→ **The problem**
All of the lines below should be output exactly as shown.

============

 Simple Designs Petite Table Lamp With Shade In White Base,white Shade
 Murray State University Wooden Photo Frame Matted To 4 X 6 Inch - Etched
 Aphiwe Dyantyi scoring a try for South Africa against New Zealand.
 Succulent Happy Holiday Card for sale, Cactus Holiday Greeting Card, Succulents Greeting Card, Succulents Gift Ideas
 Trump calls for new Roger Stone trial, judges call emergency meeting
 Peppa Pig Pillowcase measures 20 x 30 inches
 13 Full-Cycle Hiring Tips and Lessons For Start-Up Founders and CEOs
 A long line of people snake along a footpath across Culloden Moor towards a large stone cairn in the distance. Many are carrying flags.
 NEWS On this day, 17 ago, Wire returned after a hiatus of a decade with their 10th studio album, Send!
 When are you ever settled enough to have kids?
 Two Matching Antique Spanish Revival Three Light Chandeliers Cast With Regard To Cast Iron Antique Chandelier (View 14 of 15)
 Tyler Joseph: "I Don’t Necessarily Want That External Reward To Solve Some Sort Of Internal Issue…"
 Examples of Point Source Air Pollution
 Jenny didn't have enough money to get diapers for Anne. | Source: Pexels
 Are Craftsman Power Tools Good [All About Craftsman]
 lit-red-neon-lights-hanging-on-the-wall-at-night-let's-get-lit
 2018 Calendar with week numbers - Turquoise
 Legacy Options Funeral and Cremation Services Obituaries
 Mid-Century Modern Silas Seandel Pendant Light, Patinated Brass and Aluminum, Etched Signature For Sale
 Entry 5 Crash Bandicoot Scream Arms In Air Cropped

============

→ **Exercise answer**
 Simple Designs Petite Table Lamp With Shade In White Base,white Shade
 Murray State University Wooden Photo Frame Matted To 4 X 6 Inch - Etched
 Aphiwe Dyantyi scoring a try for South Africa against New Zealand.
 Succulent Happy Holiday Card for sale, Cactus Holiday Greeting Card, Succulents Greeting Card, Succulents Gift Ideas
 Trump calls for new Roger Stone trial, judges call emergency meeting
 Peppa Pig Pillowcase measures 20 x 30 inches
 13 Full-Cycle Hiring Tips and Lessons For Start-Up Founders and CEOs
 A long line of people snake along a footpath across Culloden Moor towards a large stone cairn in the distance. Many are carrying flags.
 NEWS On this day, 17 ago, Wire returned after a hiatus of a decade with their 10th studio album, Send!
 When are you ever settled enough to have kids?
 Two Matching Antique Spanish Revival Three Light Chandeliers Cast With Regard To Cast Iron Antique Chandelier (View 14 of 15)
 Tyler Joseph: "I Don’t Necessarily Want That External Reward To Solve Some Sort Of Internal Issue…"
 Examples of Point Source Air Pollution
 Jenny didn't have enough money to get diapers for Anne. | Source: Pexels
 Are Craftsman Power Tools Good [All About Craftsman]
 lit-red-neon-lights-hanging-on-the-wall-at-night-let's-get-lit
 2018 Calendar with week numbers - Turquoise
 Legacy Options Funeral and Cremation Services Obituaries
 Mid-Century Modern Silas Seandel Pendant Light, Patinated Brass and Aluminum, Etched Signature For Sale
 Entry 5 Crash Bandicoot Scream Arms In Air Cropped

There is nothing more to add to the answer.